Data for the task:
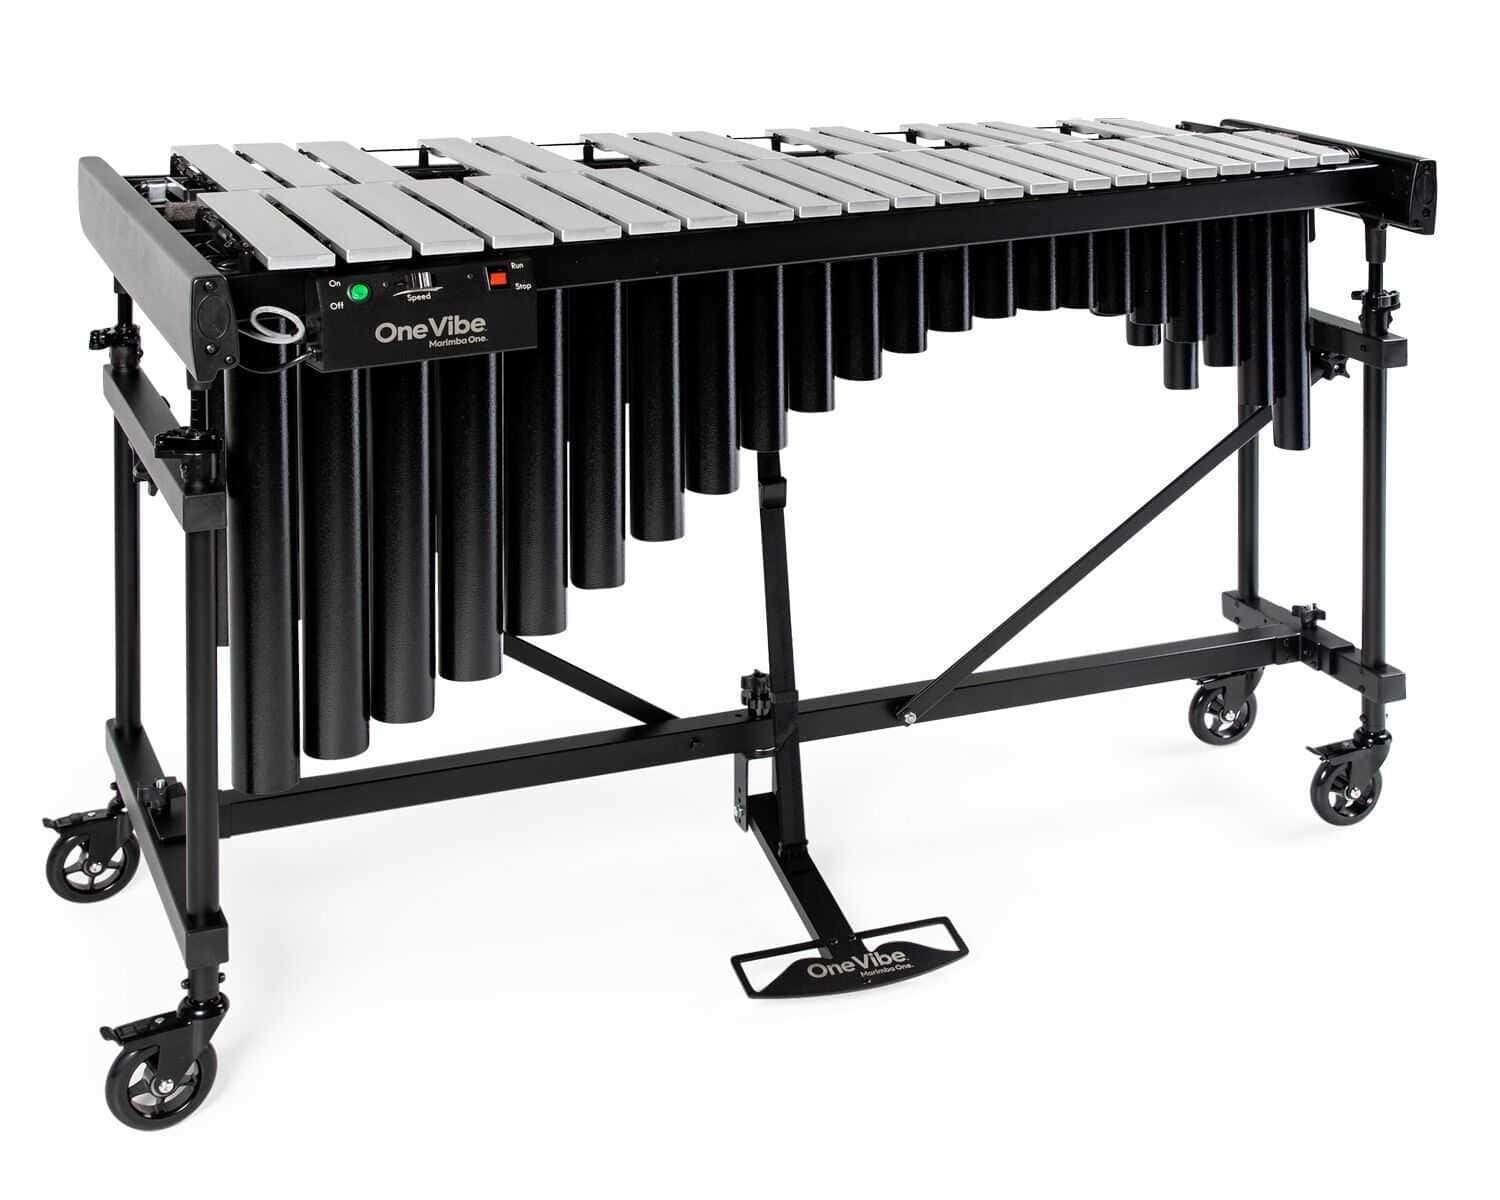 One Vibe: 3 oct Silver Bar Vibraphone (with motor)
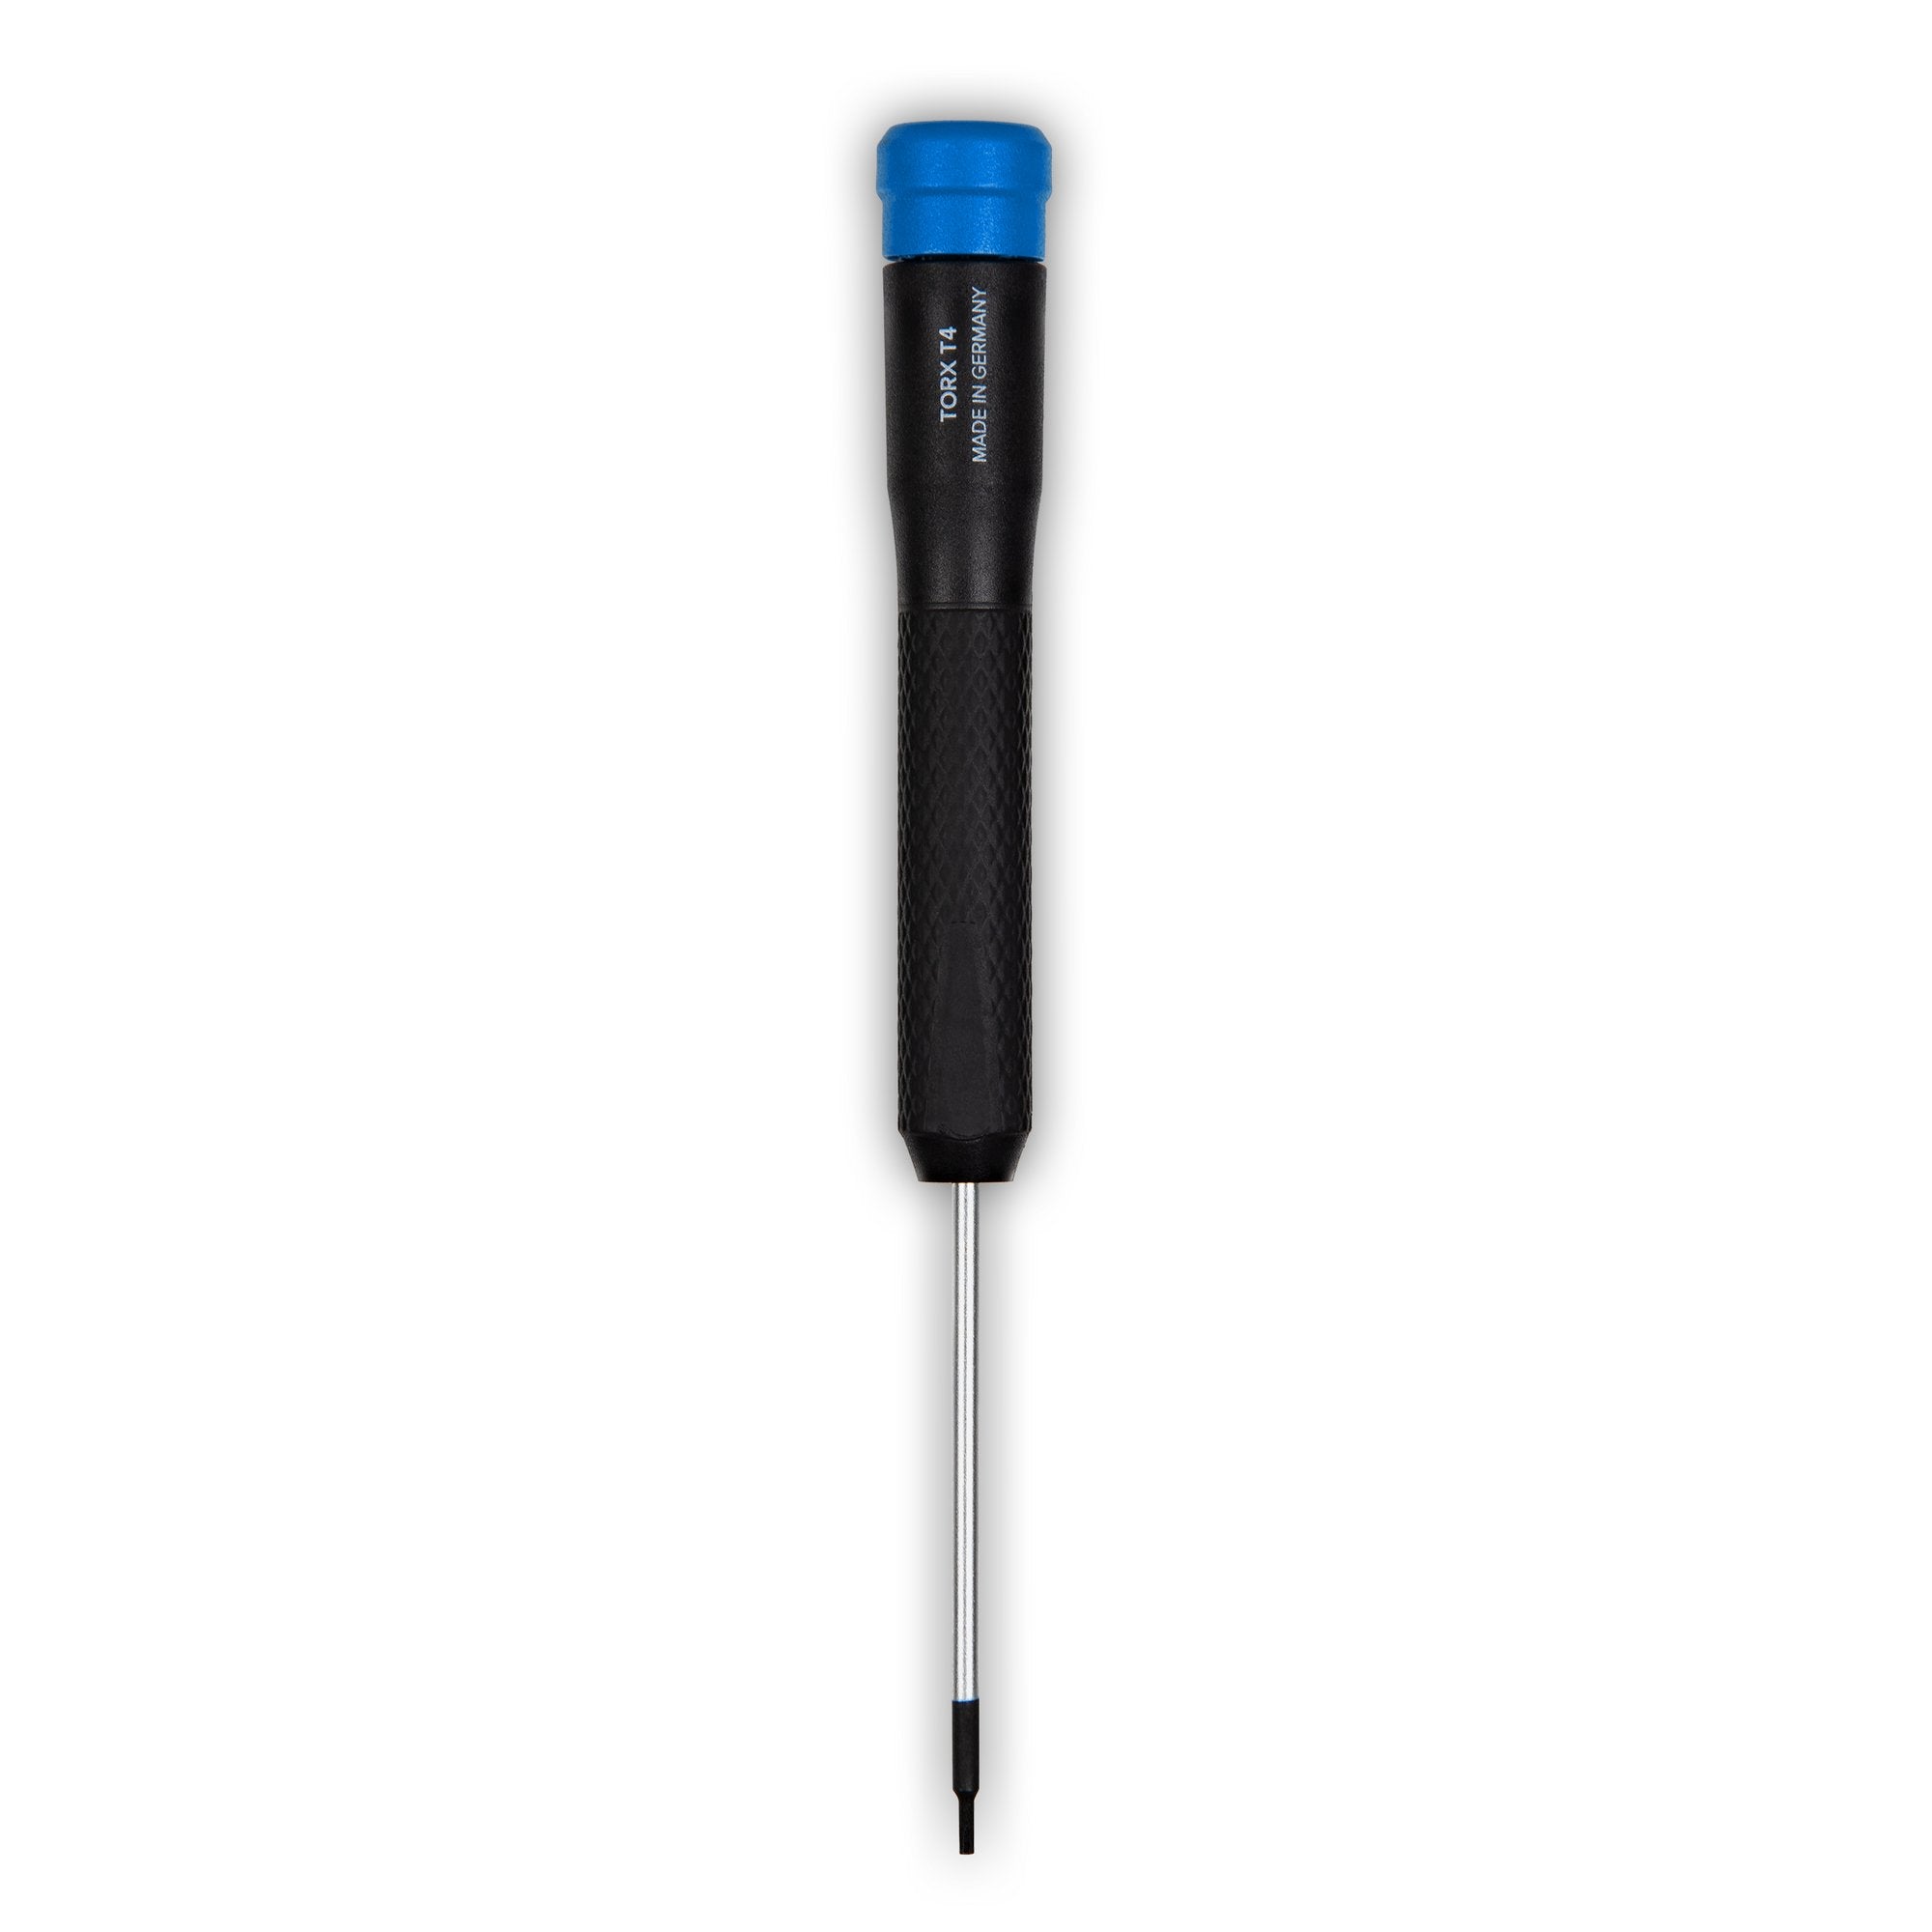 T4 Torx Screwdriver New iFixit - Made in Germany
---
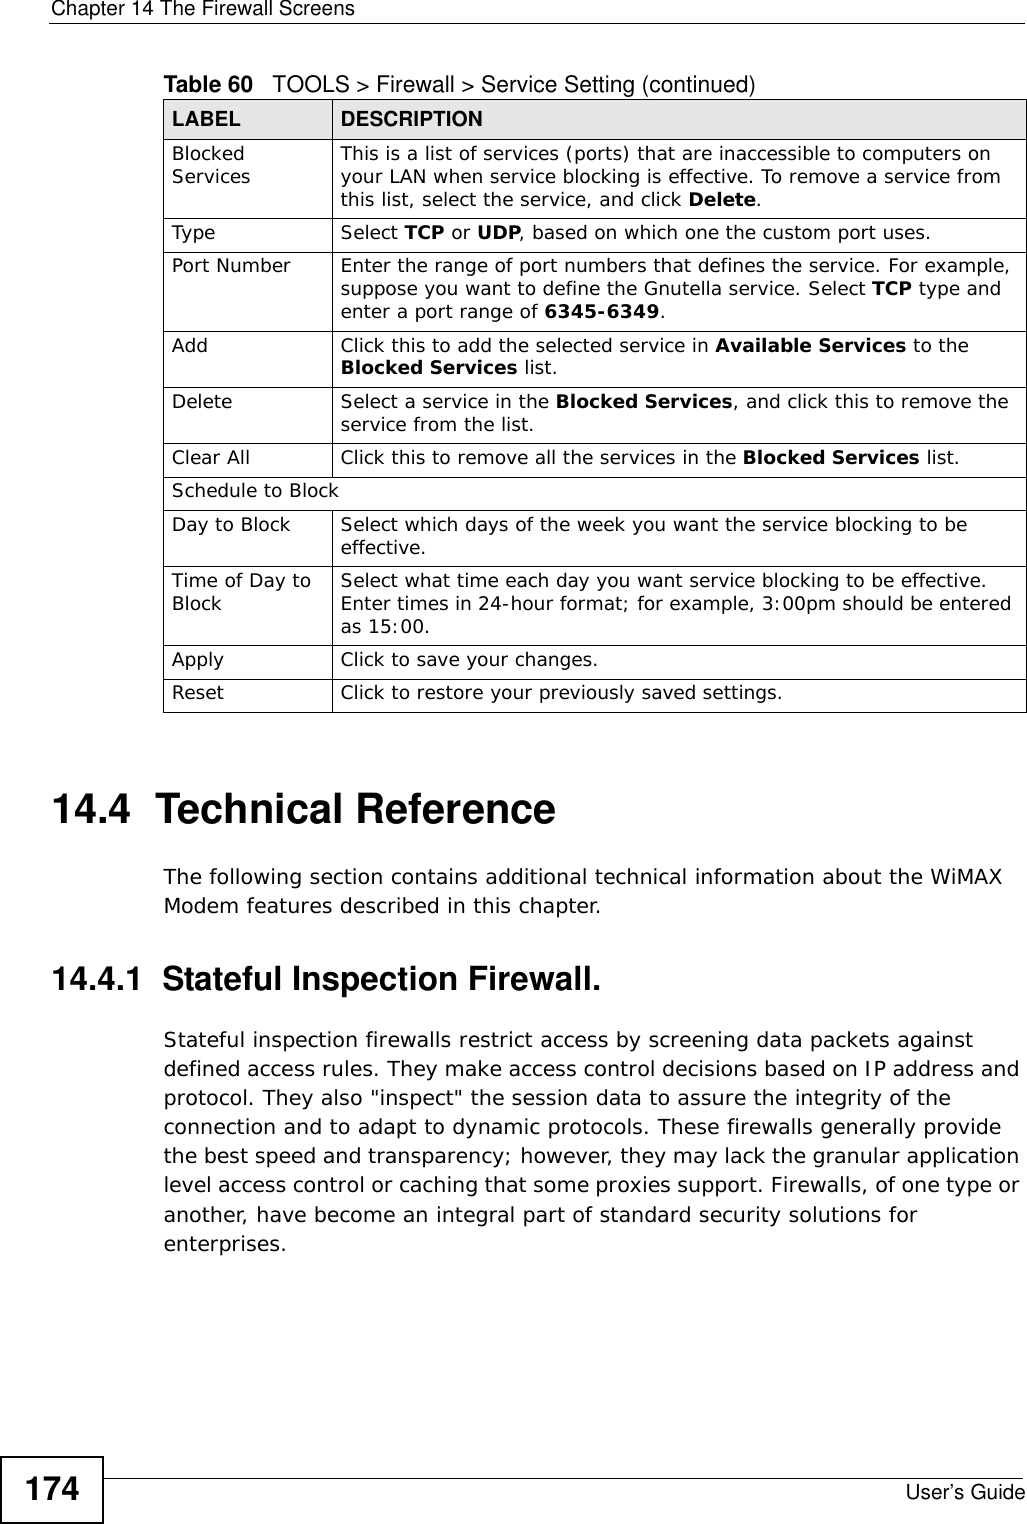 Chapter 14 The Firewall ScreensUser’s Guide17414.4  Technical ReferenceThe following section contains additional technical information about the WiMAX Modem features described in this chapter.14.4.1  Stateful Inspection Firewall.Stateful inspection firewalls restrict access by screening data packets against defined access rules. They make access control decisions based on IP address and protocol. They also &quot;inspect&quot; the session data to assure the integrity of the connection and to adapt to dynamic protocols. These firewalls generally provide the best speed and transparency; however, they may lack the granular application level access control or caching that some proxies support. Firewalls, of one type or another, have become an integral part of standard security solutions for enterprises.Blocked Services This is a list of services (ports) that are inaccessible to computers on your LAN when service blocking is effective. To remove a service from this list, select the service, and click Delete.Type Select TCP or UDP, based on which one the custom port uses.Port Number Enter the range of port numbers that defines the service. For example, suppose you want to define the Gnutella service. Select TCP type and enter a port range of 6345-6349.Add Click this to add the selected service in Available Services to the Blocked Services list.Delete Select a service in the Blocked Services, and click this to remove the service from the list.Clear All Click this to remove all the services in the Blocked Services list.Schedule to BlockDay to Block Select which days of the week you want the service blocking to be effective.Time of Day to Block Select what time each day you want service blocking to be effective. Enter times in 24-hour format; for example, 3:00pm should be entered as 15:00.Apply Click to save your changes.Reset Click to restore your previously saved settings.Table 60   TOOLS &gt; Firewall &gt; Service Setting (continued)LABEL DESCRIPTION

To do: Please output the lines above beginning at the line with "One Vibe: 3" and ending after the line with "T4 Torx Screwdriver", precisely as written and with no pictures.

Answer for this exercise:
 One Vibe: 3 oct Silver Bar Vibraphone (with motor)
 T4 Torx Screwdriver New iFixit - Made in Germany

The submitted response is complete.